What is needed: Only a number is wanted: how many lines of the entries include the string "Design"?

Working data:
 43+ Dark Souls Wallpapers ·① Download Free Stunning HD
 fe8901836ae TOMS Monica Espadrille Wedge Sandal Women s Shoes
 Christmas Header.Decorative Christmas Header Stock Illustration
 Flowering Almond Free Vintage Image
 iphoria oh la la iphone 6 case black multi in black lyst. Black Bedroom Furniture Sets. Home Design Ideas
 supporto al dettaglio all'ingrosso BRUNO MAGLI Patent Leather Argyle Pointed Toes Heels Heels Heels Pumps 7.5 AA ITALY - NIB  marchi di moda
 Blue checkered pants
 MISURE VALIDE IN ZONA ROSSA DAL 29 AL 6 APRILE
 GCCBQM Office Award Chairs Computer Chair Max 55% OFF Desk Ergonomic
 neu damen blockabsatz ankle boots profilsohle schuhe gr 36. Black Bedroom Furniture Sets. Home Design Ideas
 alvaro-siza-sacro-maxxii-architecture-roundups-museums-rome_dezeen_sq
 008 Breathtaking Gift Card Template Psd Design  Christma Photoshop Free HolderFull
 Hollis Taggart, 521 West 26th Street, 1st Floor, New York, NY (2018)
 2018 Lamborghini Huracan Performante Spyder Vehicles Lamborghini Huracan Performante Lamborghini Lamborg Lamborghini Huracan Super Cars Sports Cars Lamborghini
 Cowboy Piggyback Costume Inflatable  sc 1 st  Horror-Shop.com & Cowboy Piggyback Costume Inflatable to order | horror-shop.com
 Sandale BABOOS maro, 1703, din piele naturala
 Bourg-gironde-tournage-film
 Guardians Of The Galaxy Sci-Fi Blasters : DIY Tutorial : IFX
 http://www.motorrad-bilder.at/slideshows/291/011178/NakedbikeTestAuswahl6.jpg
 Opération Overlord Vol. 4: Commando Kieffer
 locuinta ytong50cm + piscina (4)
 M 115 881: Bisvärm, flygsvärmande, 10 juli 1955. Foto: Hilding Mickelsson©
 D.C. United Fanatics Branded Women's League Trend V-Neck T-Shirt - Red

Result of this exercise: 3